*Available data*:
------------------------------------------------------------
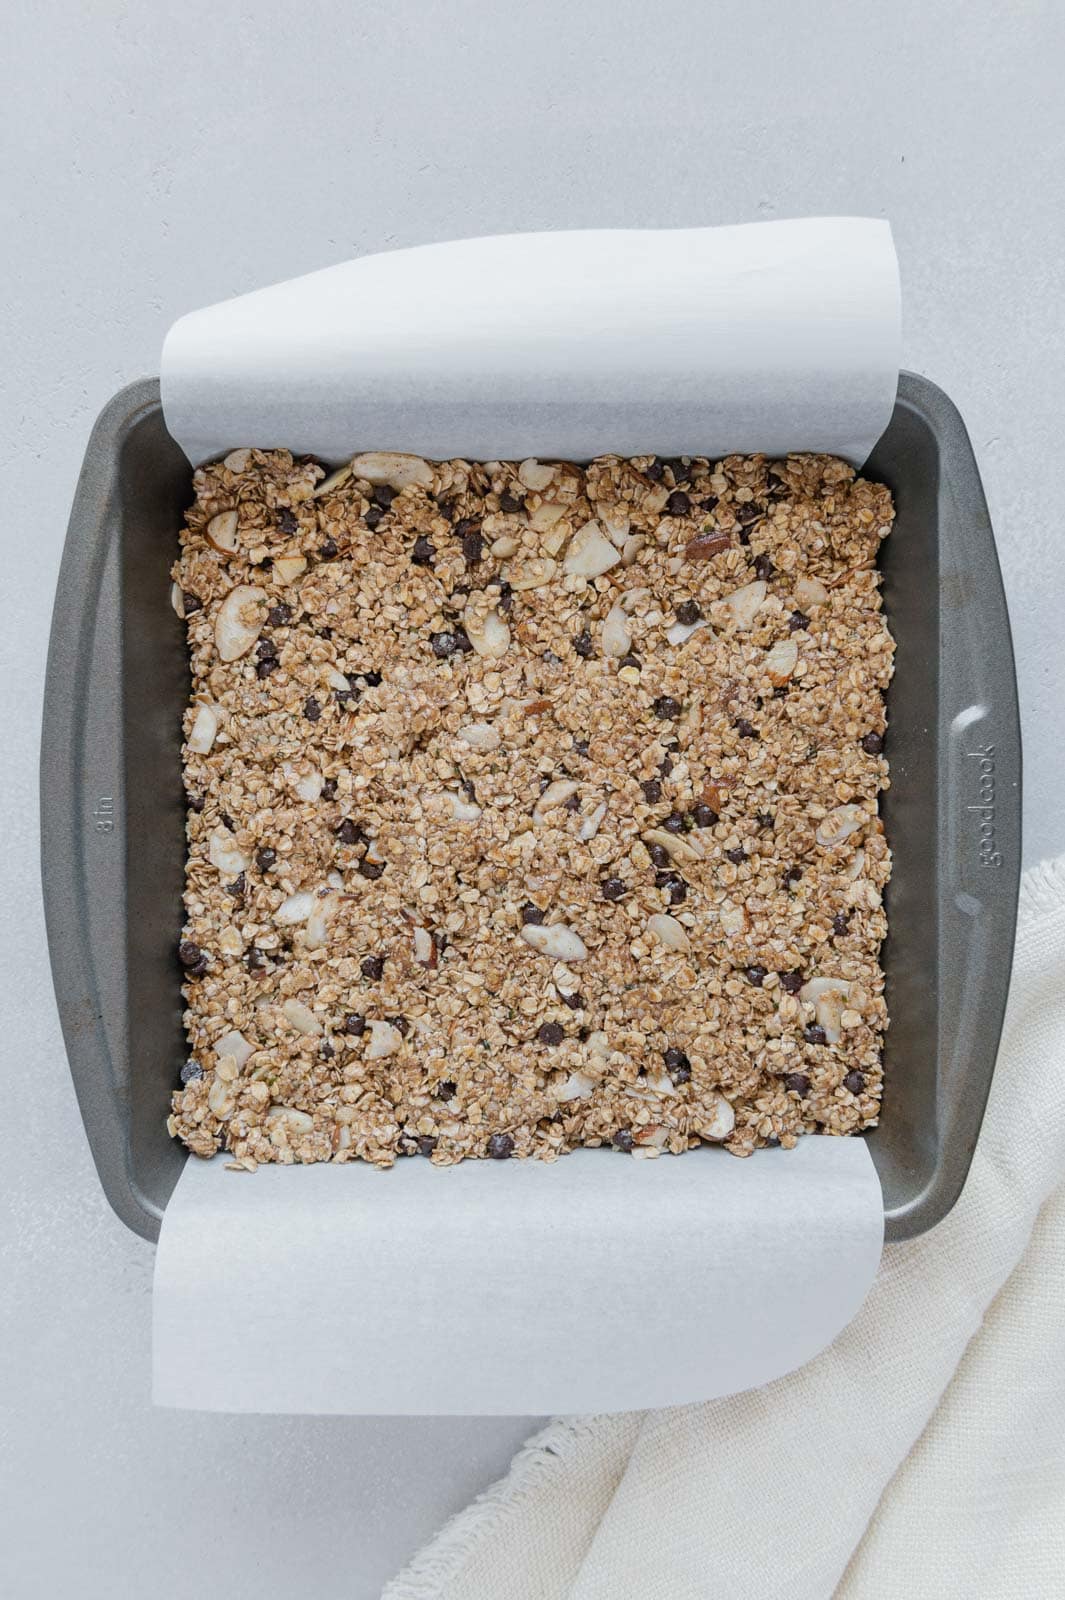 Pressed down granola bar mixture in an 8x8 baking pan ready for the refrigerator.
------------------------------------------------------------
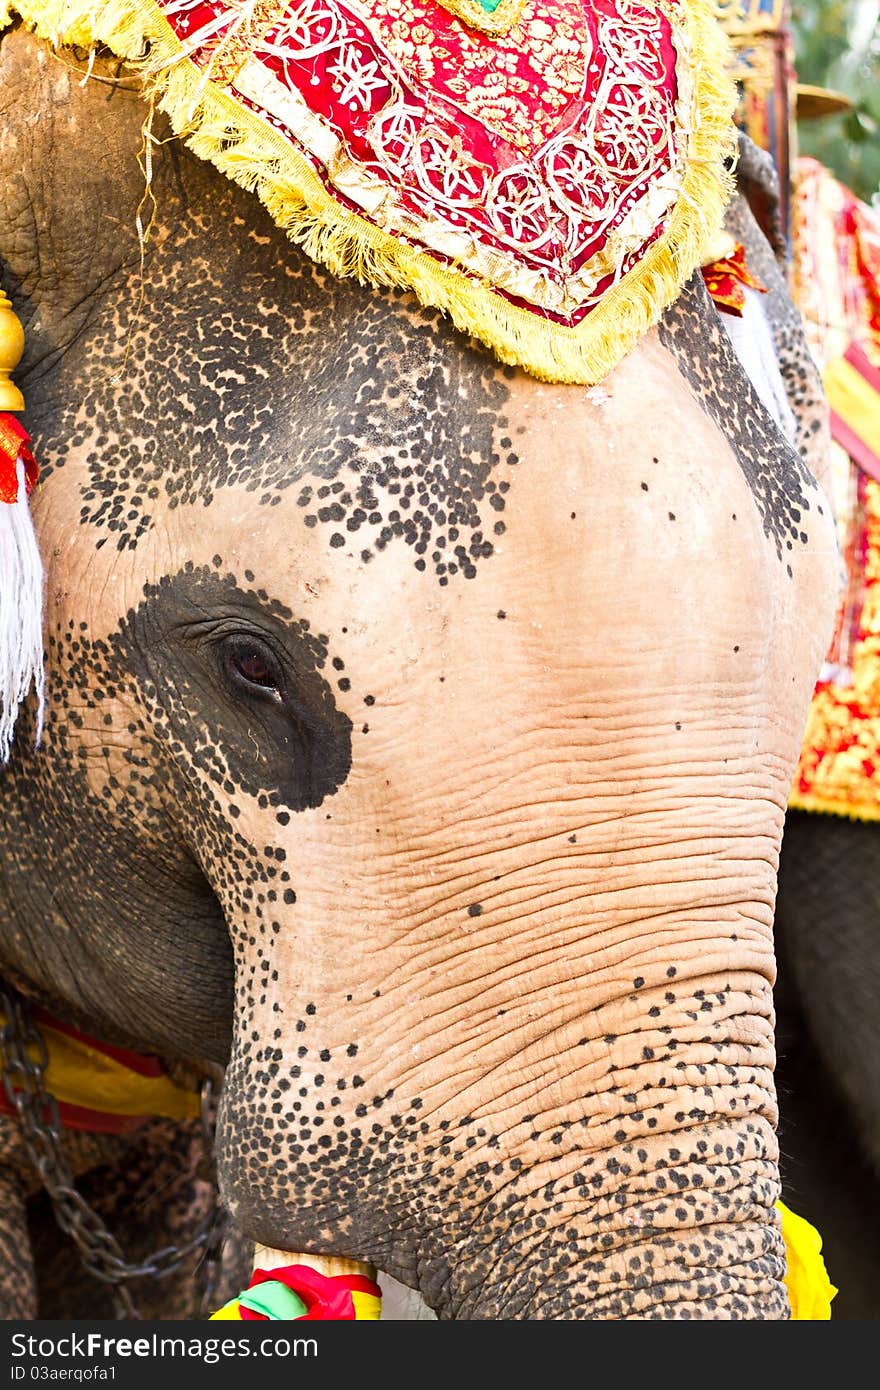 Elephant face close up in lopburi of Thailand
------------------------------------------------------------
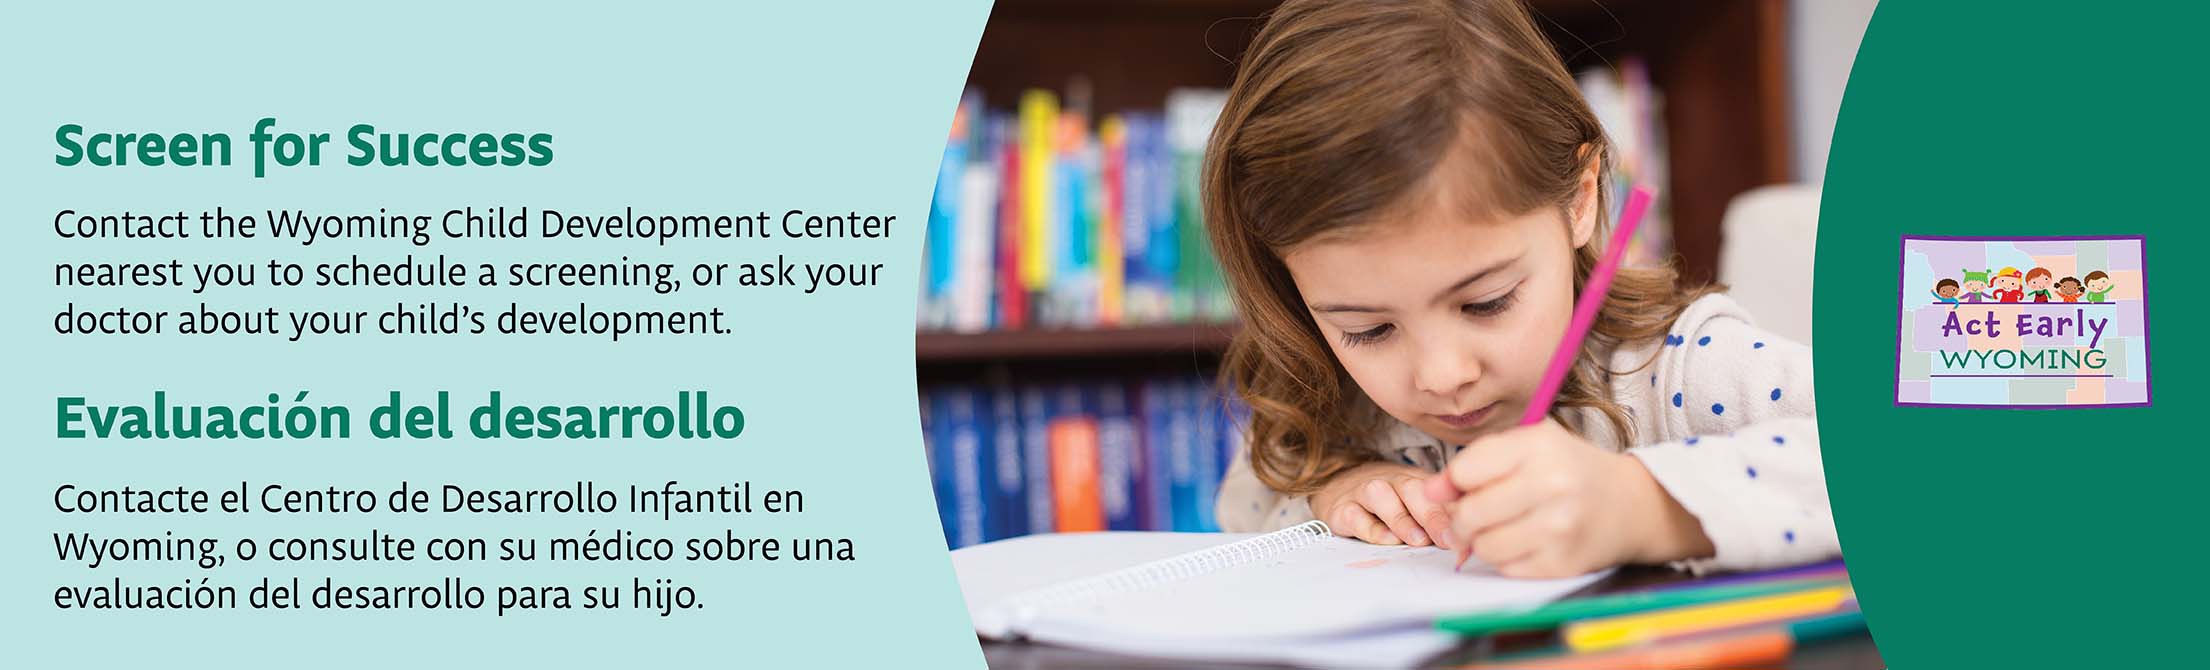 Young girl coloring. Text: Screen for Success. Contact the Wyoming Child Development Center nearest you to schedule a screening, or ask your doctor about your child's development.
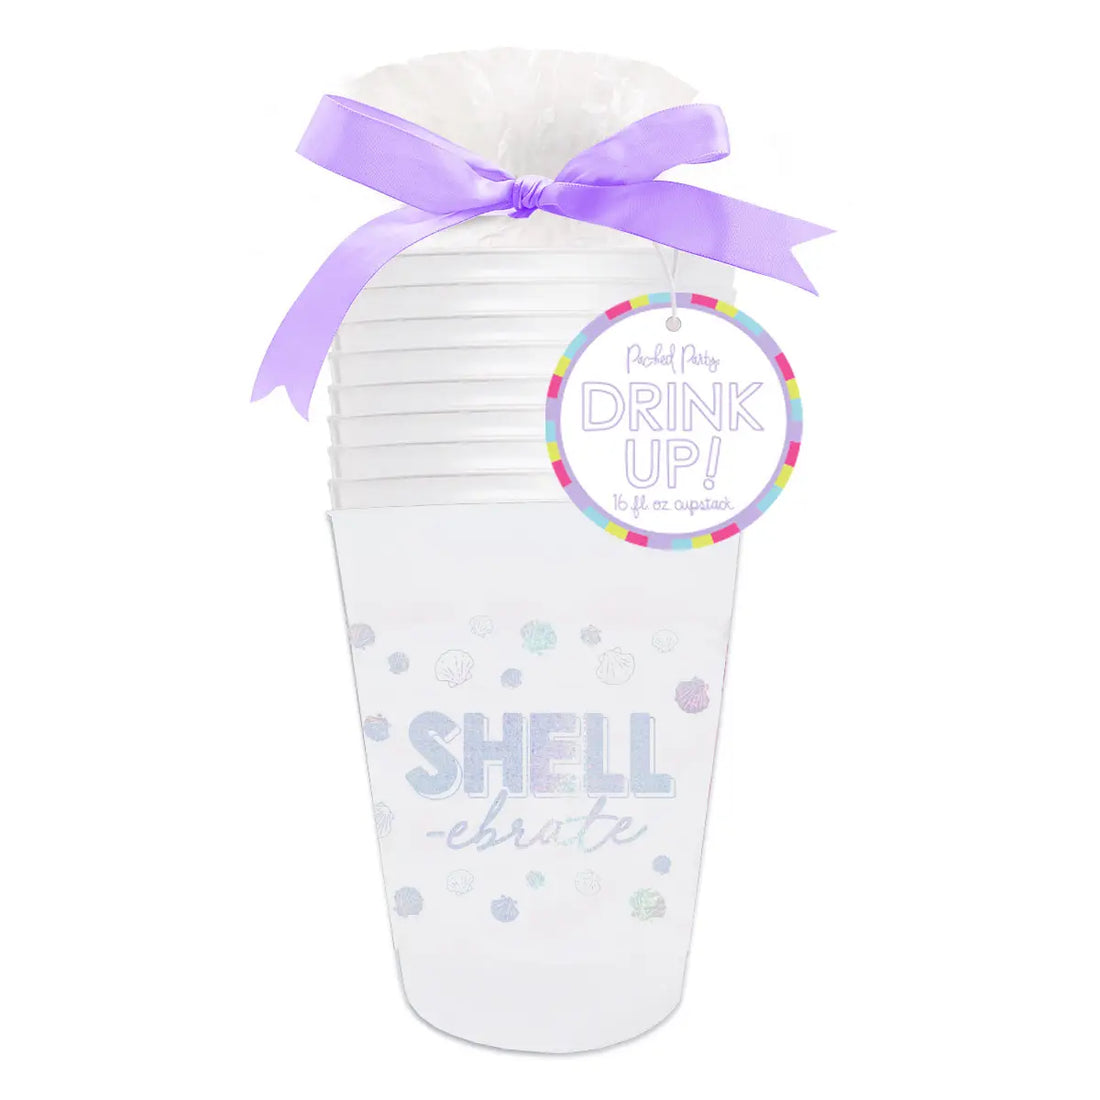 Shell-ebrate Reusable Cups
------------------------------------------------------------
*What to work on*: Repeat, word for word, the lines of the material above from the one holding "Young girl coloring." through the one holding "Shell-ebrate Reusable Cups". Leave out pictures.

*Exercise result*:
 Young girl coloring. Text: Screen for Success. Contact the Wyoming Child Development Center nearest you to schedule a screening, or ask your doctor about your child's development.
 Shell-ebrate Reusable Cups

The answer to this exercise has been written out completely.